Saatnya Melakukan Penguatan Dosis Nilai-nilai Kebangsaan
Foto : Pegiat Empat Pilar Kebangsaan di Kabupaten Purwakarta Didi Mulyadi.
PURWAKARTA, headlinejabar.com
Pada zaman orde baru pemahaman nilai-nilai Pancasila dalam kehidupan berbangsa dan bernegara dosisnya cukup tinggi. Jika dilihat, waktu itu saat hendak masuk SMP, SMA, perguruan tinggi (PT), PNS dan sebagainya harus mengikuti Penataran Pedoman Penghayatan dan Pengamalan Pancasila (P4).
Tetapi pasca reformasi tahun 1998 pemahaman nilai-nilai Pancasila menjadi kekurangan dosis, bahkan nyaris luntur seakan tidak ada urgensinya sama sekali untuk dirayakan atau hanya direflesikan dan menjadi ketertarikan bersama.

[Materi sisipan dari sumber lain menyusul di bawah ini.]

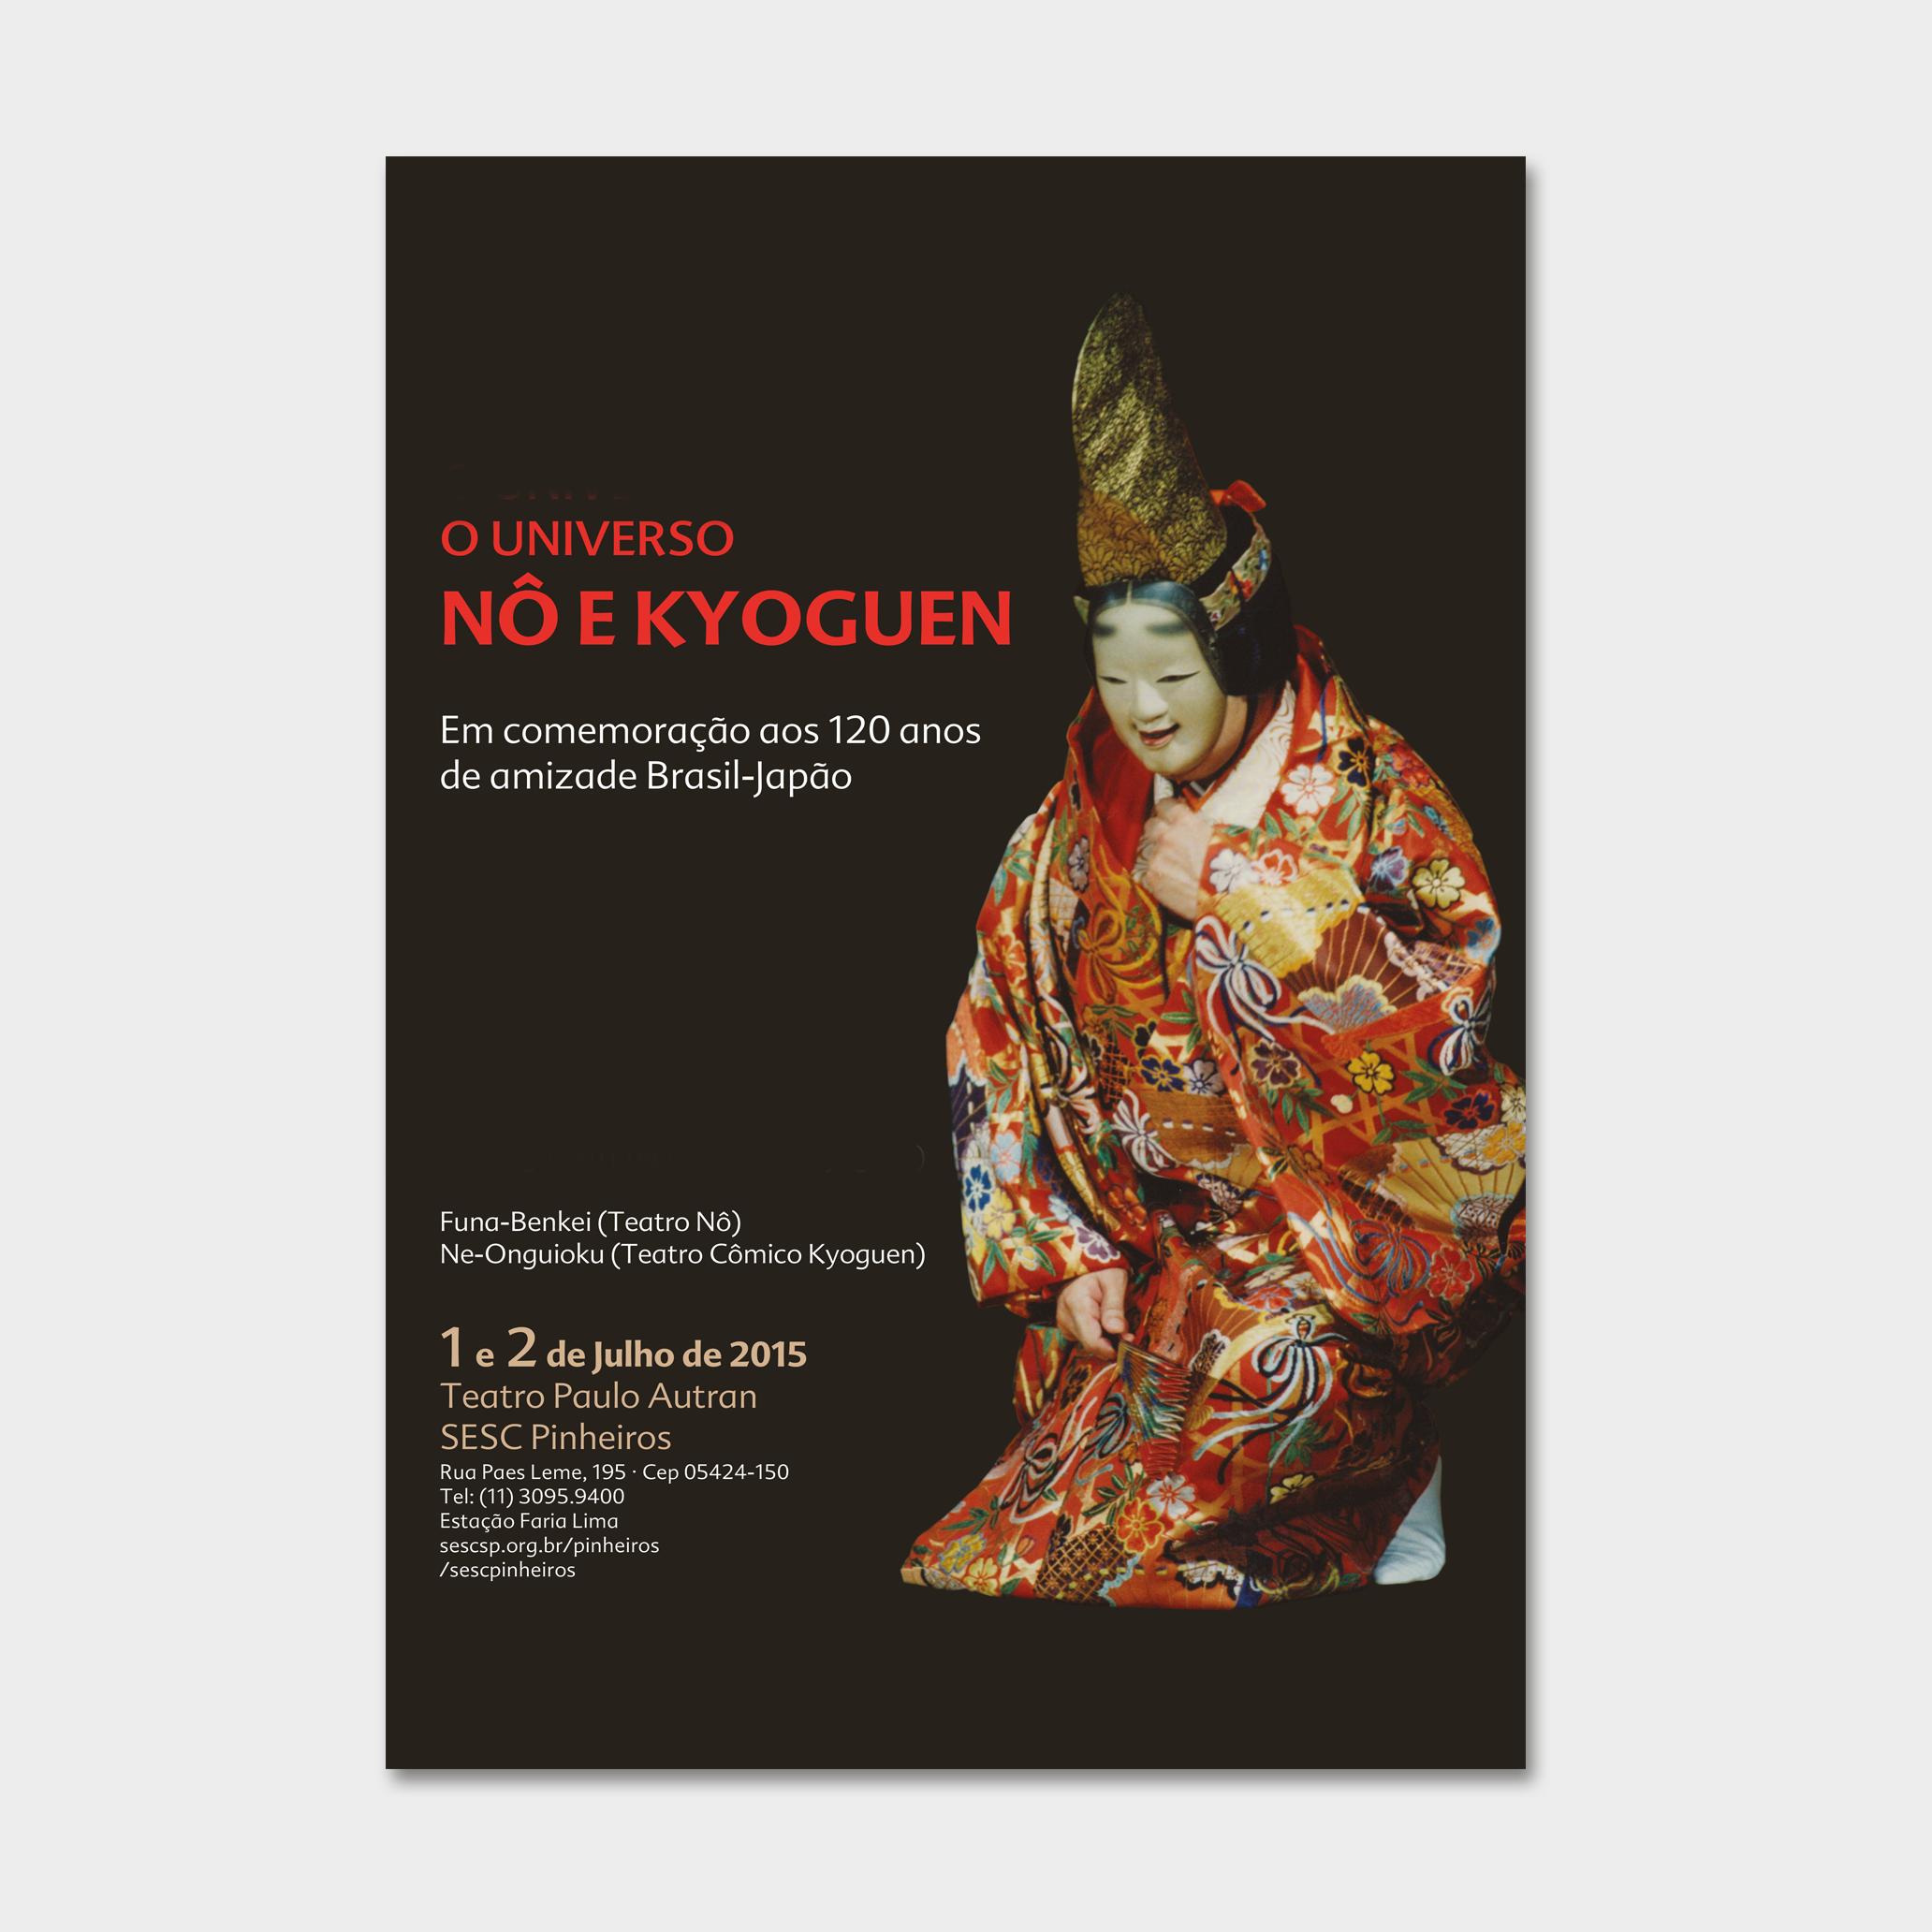 Cartaz A3 do espetáculo : Nô e Kyôguen.

“Kondisi inilah yang memicu para penyelenggara negara untuk menghidupkan kembali pemahaman nilai-nilai pancasila pada seluruh elemen masyarakat,” jelas Pegiat Empat Pilar Kebangsaan di Kabupaten Purwakarta Didi Mulyadi, Selasa (22/8/2017).
Pada bulan Maret 2013, lanjut Didi, Ketua MPR (alm) Taufik Kiemas melahirkan gagasan Sosialisasi Empat Pilar Kebangsaan meliputi Pancasila, UUD 1945, NKRI dan Bhineka Tunggal Ika.
Yang mana Pilar Pancasila direpresentasikan sebagai pilar tegak kokoh berdirinya negara bangsa Indonesia. Pilar atau tiang penyangga suatu bangunan harus memenuhi syarat, misalnya disamping kokoh dan mantap juga harus sesuai dengan bangunan yang disangganya.
“Kedua Pilar UUD 1945. Pilar kehidupan berbangsa dan bernegara adalah UU basis 1945. Untuk memahami dan mendalami UUD 1945, diperlukan pemahaman lebih dulu makna UUD bagi kehidupan berbangsa dan bernegara dan prinsip-prinsip yang terkandung dalam pembukaan UUD 1945,” lanjut Wakil Bendahara Depicab SOKSI Purwakarta ini.
Ketiga ada Pilar NKRI. Dimana seluruh elemen bangsa diwajibkan mengakui akan konsensus para founding father yang lebih memilih Indonesia sebagai Negara Kesatuan.
“Lanjut Pilar Bhineka Tunggal Ika
Semboyan Bhineka Tunggal Ika diungkapkan pertama kali oleh Mpu Tantular seorang pujangga agung kerajaan majapahit yang hidup pada masa pemerintahan Hayam Wuruk pada abad ke 14 (1350-1389). Dalam kakawin sutasoma yang berbunyi “Bhineka ika tunggal ika tanhana dharma mangrwa” yang artinya : “berbeda-beda itu, satu itu, tak ada pengabdian yang mendua,” kata Pengurus DPD II Partai GOLKAR Kabupaten Purwakarta ini.
Semboyan itu dijadikan prinsip dalam kehidupan pemerintahan majapahit itu sebagai antisipasi keanekaragaman petunjuk yang dipeluk, oleh karena majapahit pada waktu itu meskipun mereka berbeda petunjuk tetapi mereka satu pengabdian.